# Task objective
Only the lines from the one containing "The most qualified" through the end of the data below are to be repeated, exactly as given, without pictures.

# Given material
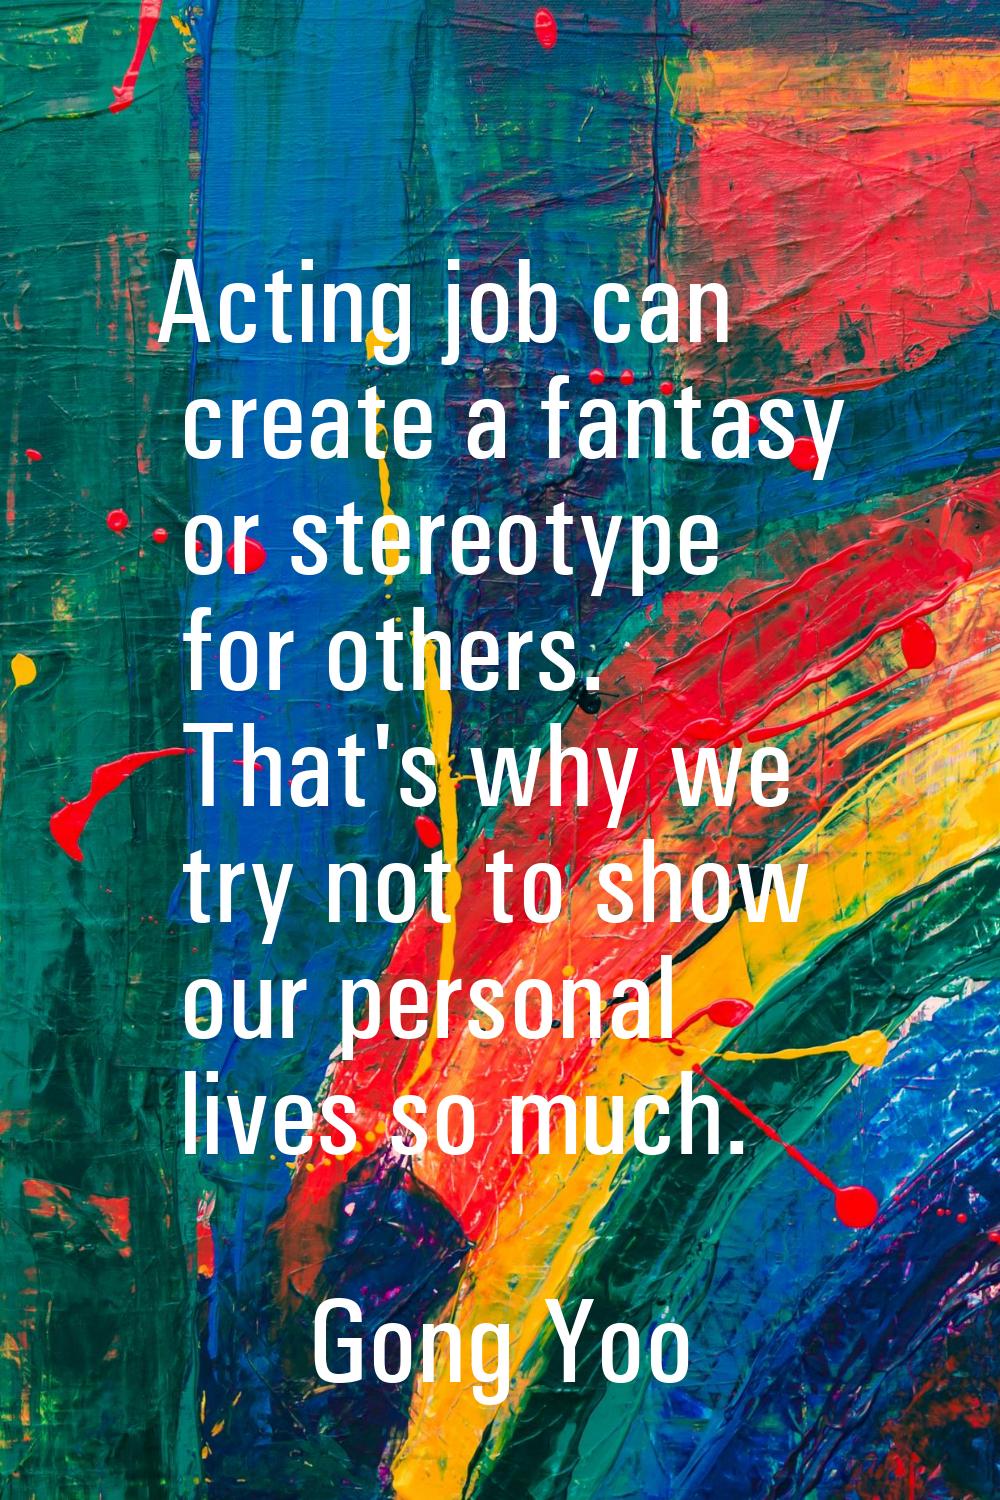 Acting job can create a fantasy or stereotype for others. That's why we try not to show our persona
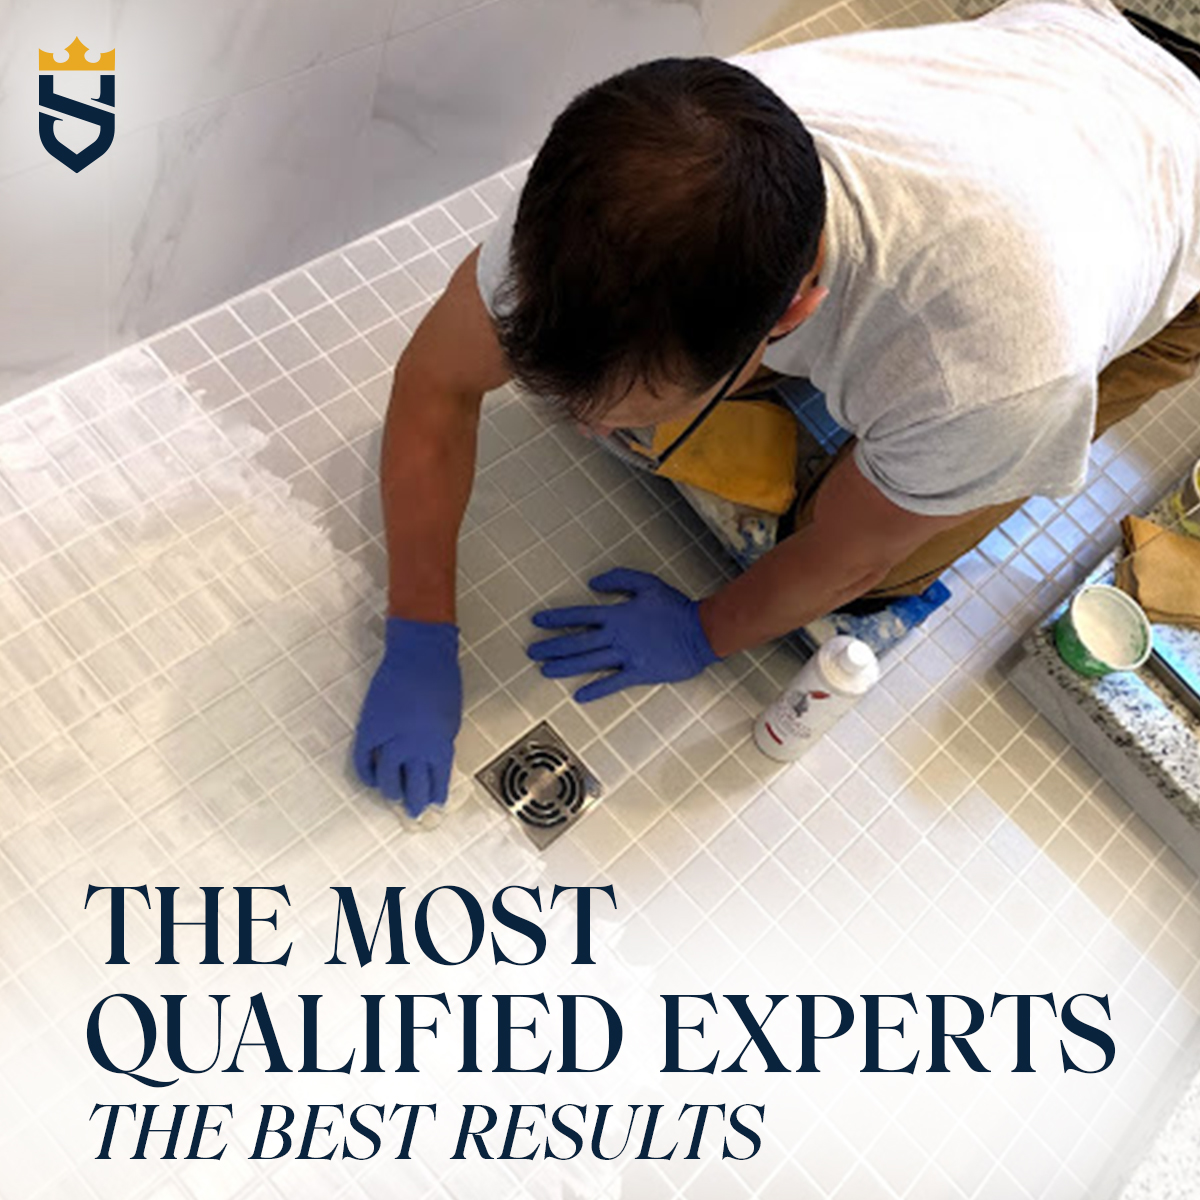 The most qualified experts. The best results.
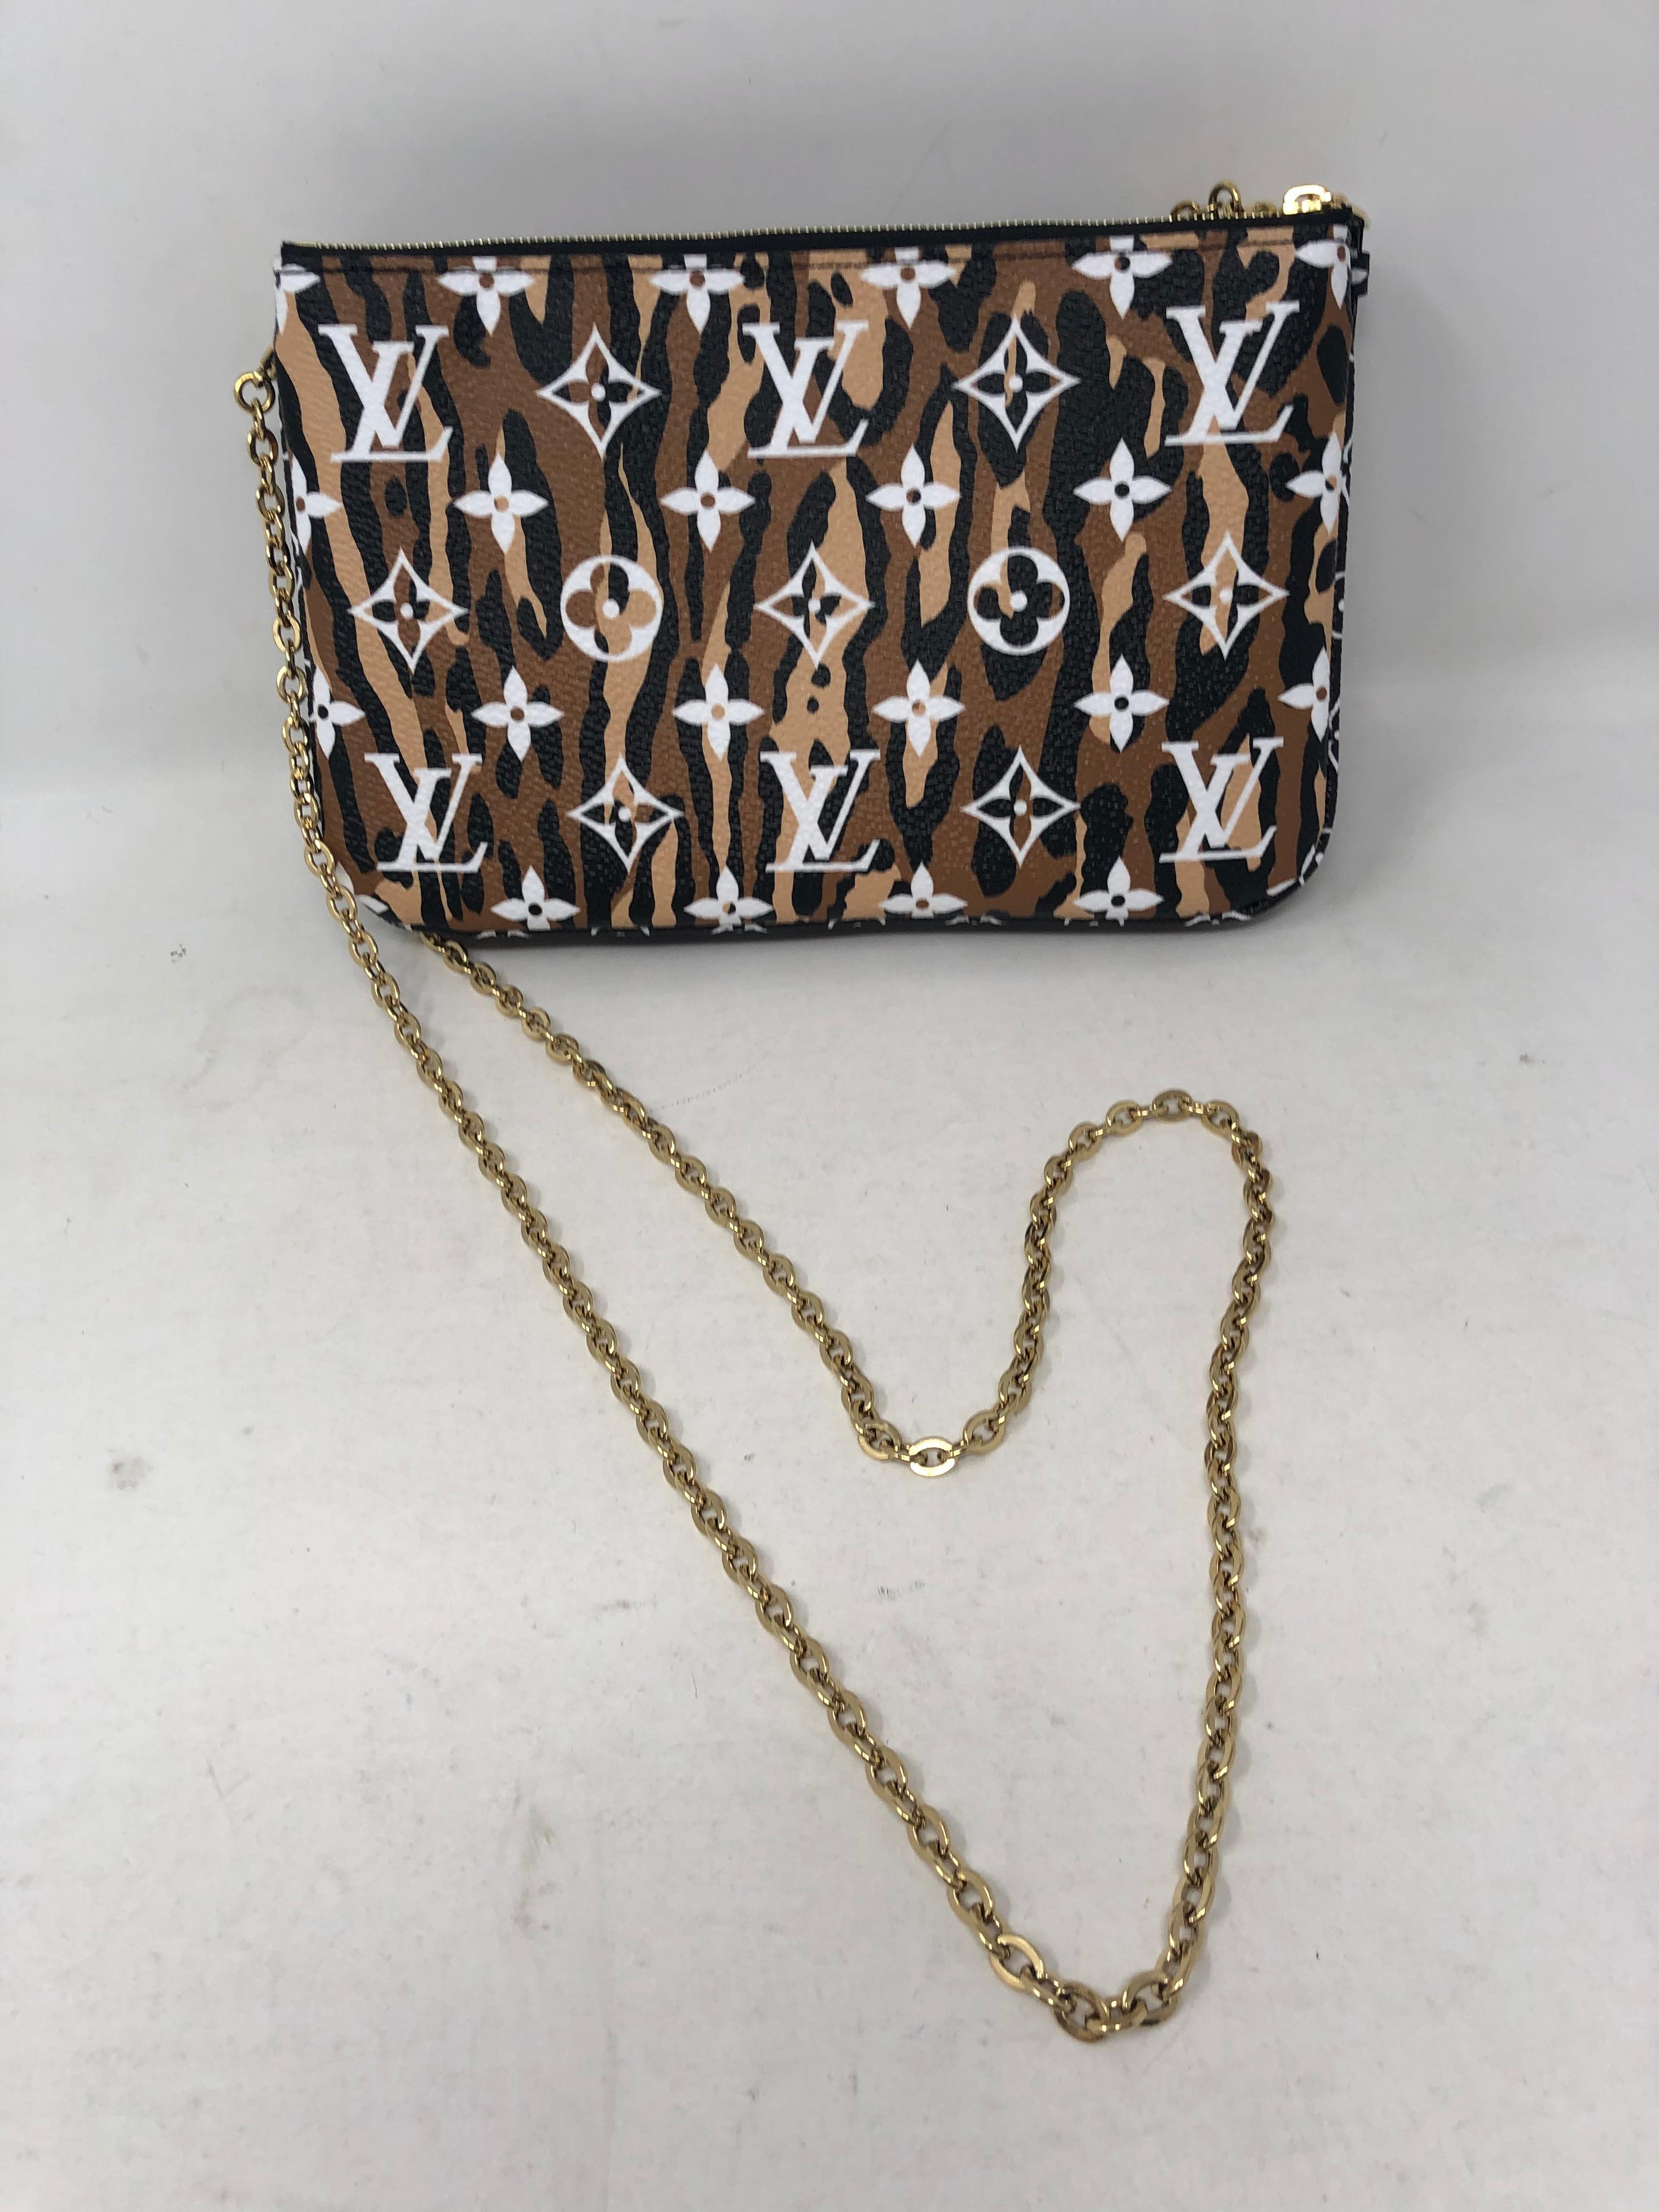 Louis Vuitton Giant Jungle Pochette Double Zip Black. Can be worn as a clutch or as a crossbody bag. Long gold chain can be taken off. Plenty of room in the double sections of the pouch. Brand new and sold out at LV. Limited edition. Guaranteed

# Result of this task
 The most qualified experts. The best results.
 Louis Vuitton Giant Jungle Pochette Double Zip Black. Can be worn as a clutch or as a crossbody bag. Long gold chain can be taken off. Plenty of room in the double sections of the pouch. Brand new and sold out at LV. Limited edition. Guaranteed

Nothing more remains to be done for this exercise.